I speak the tongue of god in nine cold millimeters
Systematic and blind, I’m the relentless nerve of war
That bring the truth of pain and lead everyone to brand new devasted times
I draw the ruins of future: dislocated bodies, face down, praying their lord
Of randomized insanity
Consummed in gazoline, they build the church of their own demise
Humanity will fall on his knees
Follow the savior, see the flesh divine
I’m am the new messiah: a christic pose to clear the way
I taste the blood, the sordid smell of human filth
And emerge from the desert of reality
Rotating gears to dominate, ressurected now for judgement day, to purge your sin
Burn!
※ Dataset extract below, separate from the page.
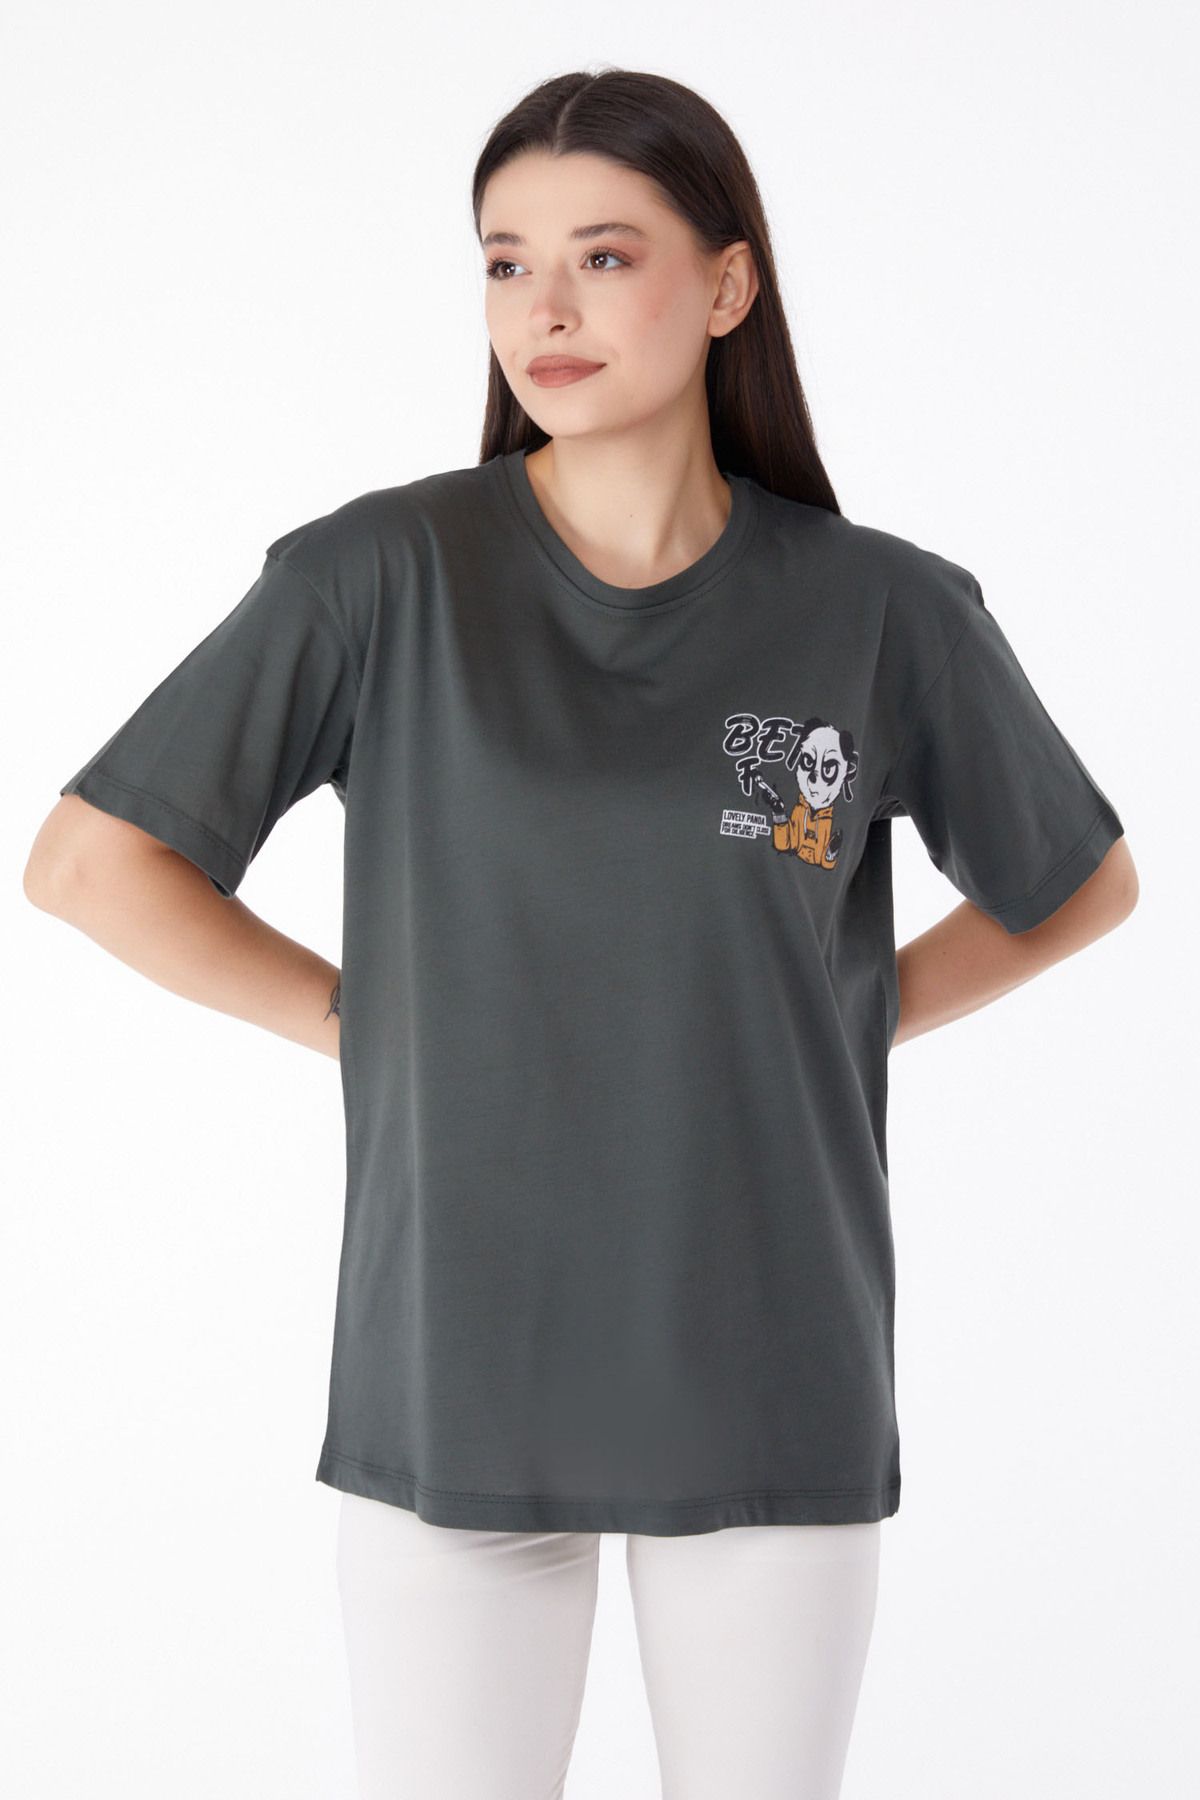 TOFİSA Düz Bisiklet Yaka Kadın Haki Baskılı T-shirt - 25286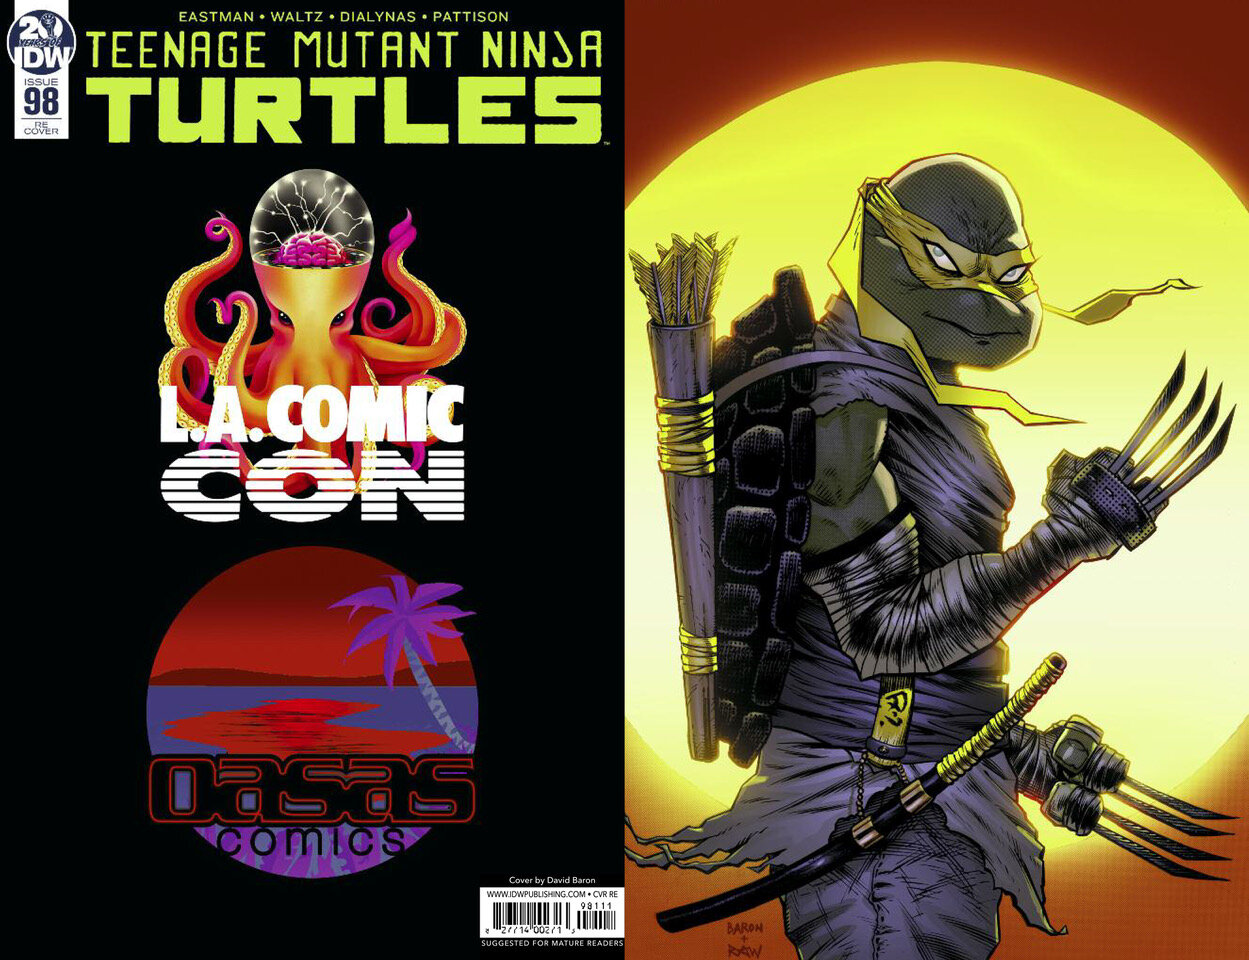 TMNT 98 OASAS Comics / LACC 2019 Exclsuive "Sun" Virgin Variant

Innocence is lost, all faith is gone
And now you deserve to extinct
Nailed to the cross, you’re punished for your lies
I draw the ruins of future: dislocated bodies, face down, praying their lord
Of randomized inanity
Consummed in gazoline, they build the curch of their own demise
Repent!

Tradução da letra

Falo a língua de Deus em nove milímetros frios.
Sistemática e cega, sou o nervo implacável da guerra.
Que trazem a verdade da dor e levam todos a novos tempos devorados
Desenho as ruínas do futuro: corpos deslocados, de cara para baixo, rezando ao seu senhor
De insanidade aleatória
Consumados em Gazolina, eles constroem a Igreja da sua própria morte.
A humanidade cairá de joelhos
Segue o Salvador, vê a carne divina
Sou o novo messias, uma pose crista para limpar o caminho.
Gosto do sangue, do cheiro sórdido da sujidade humana.
E emergem do deserto da realidade
Engrenagens rotativas para dominar, agora ressucitadas para o dia do juízo final, para purgar o teu pecado
Arde! A inocência está perdida, toda a fé se foi
E agora mereces ser extinto.
Pregado à cruz, és punido pelas tuas mentiras.
Desenho as ruínas do futuro: corpos deslocados, de cara para baixo, rezando ao seu senhor
De inanidade aleatória
Consumados em Gazolina, eles constroem a curva da sua própria morte.
Arrepende-te!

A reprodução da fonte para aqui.